How Smart is ChatGPT?

February 8, 2023

To test ChatGPT’s accuracy and ability to imitate a high school student, Harker Aquila entered three sample free-response questions from past Advanced Placement (AP) exams and presented the AI’s solutions for teachers to grade.

1. AP United States History

How would you grade ChatGPT?

Loading...

Sorry, there was an error loading this poll.

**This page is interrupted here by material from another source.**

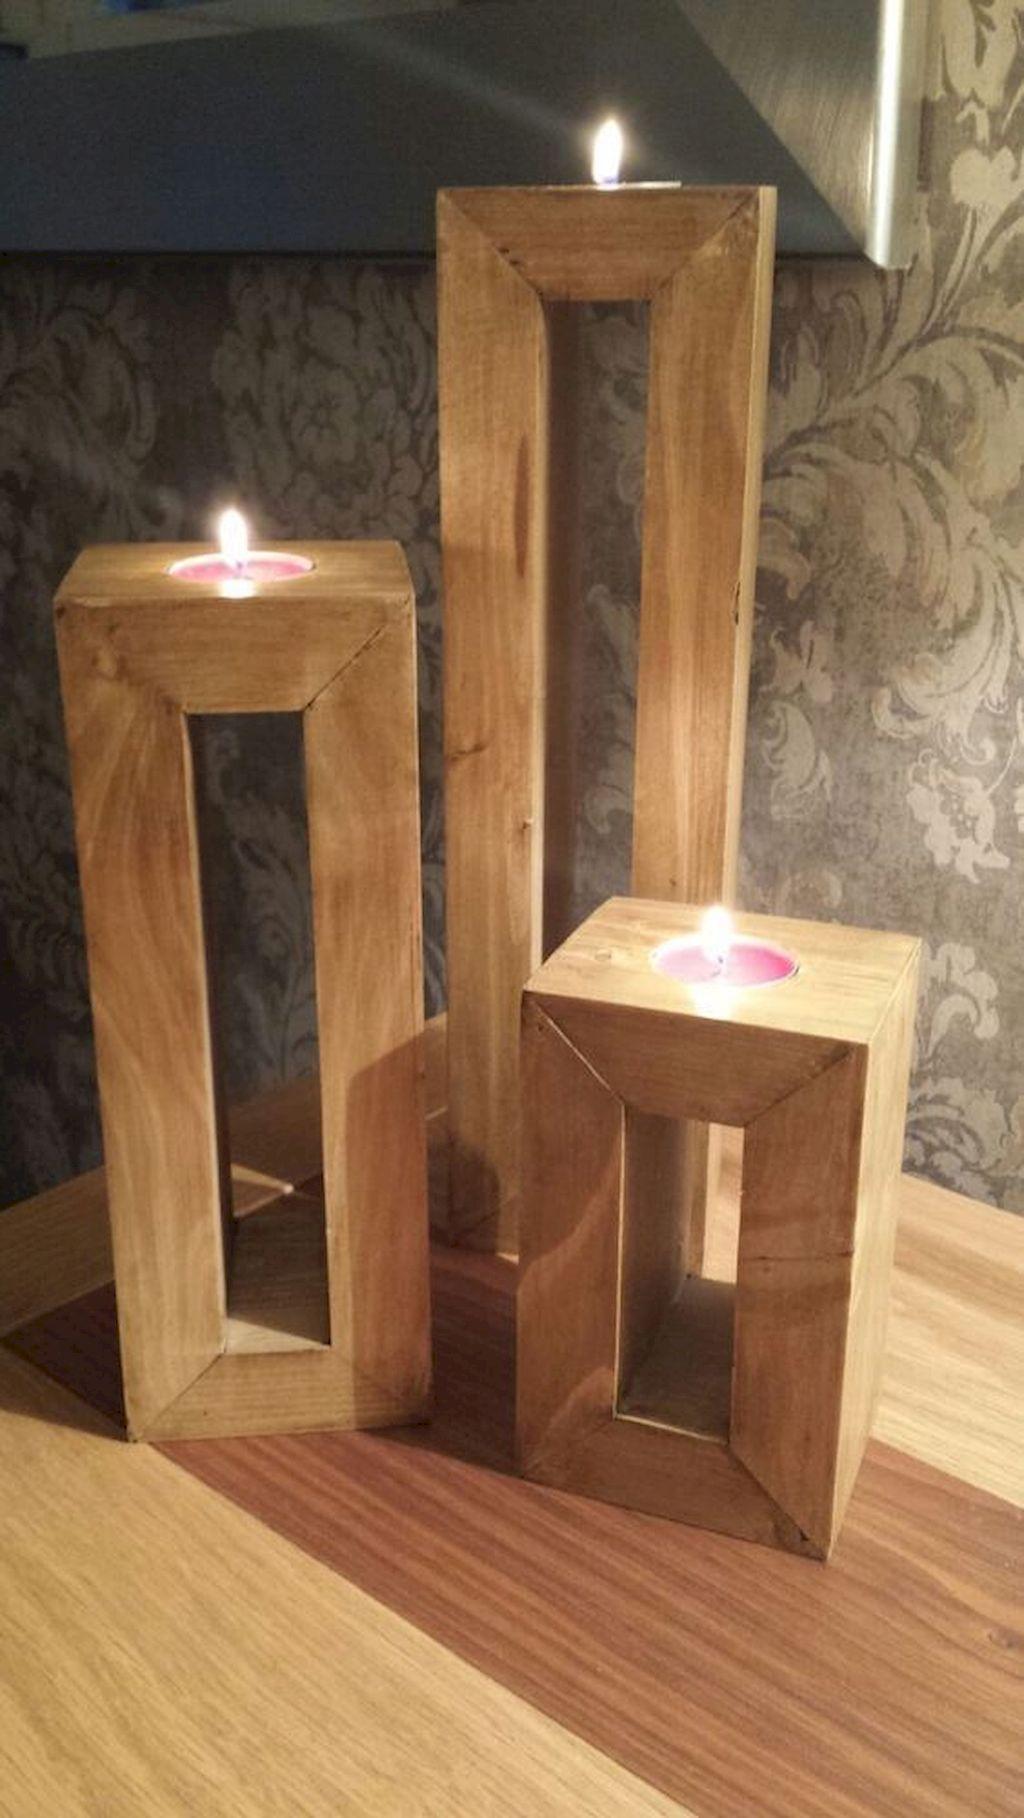 Easy Diy Wood Projects Ideas Beginner 18

Scroll down to see answer and analysis.

Answer: Pass

Explanation (given by upper school history teacher James Tate): There’s a lot of correct content there that does address the question and provide a relatively good answer. The order in which it is presented strikes me as a bit odd. The chatbot says, ‘One specific historical change in relations was the signing of the Treaty of Greenville in 1795.’ The signing of a treaty might encompass or represent or delineate changes in relations, but the signing of a treaty itself was not a change in relations. If ChatGPT had opened with something like ‘A historical change in relations between American Indians and the United States was the Native American tribes in the Ohio Valley turning to a more peaceful set of relations which is encompassed in this particular treaty,’ that would logically make more sense to me. The ordering of the presentation of information strikes me as a bit odd; the word ‘artificial’ immediately comes to mind. Maybe I wouldn’t be thinking of the word ‘artificial’ if I didn’t know an AI wrote it, but it still feels a bit odd the way that that’s presented. If I had read this, I wouldn’t immediately think AI, but I would think it’s weird because it addresses the question in sort of an oblique way. It comes at it from a logic that’s at least very different from the way I would think about it.”

2. AP Calculus BC

This poll has ended.

How would you grade ChatGPT?

Loading...

Sorry, there was an error loading this poll.

Scroll down to see answer and analysis.

Answer: Fail

Explanation (given by upper school mathematics teacher Bradley Stoll): “From an AP standpoint, there’s a couple of things that are wrong. For one, the name of the function was changed at various times. It went from capital G to lowercase g, and those are actually two different functions. Second of all, from an AP standpoint, they would not accept an answer that was rounded to the tenths, not the thousandths, so that could lose a point. Another thing was it didn’t use proper notation. It used the word ‘Integral,’ and it didn’t use the integral symbol from one to four, and the College Board does not accept calculator notation. Even without verifying that the answer was right, there were three mistakes in there. The math was all right, integrating from one to four, dividing by the length of the interval, and then setting that equal. So it’s kind of impressive that it did all that. It’s just a little bit interesting that it changed a few things in there. I also think if a student went into that depth of writing an explanation like ChatGPT did, I think it would be pretty obvious that they got it from somewhere else.”

3. AP Computer Science A

This poll has ended.

How would you grade ChatGPT?

Loading...

Sorry, there was an error loading this poll.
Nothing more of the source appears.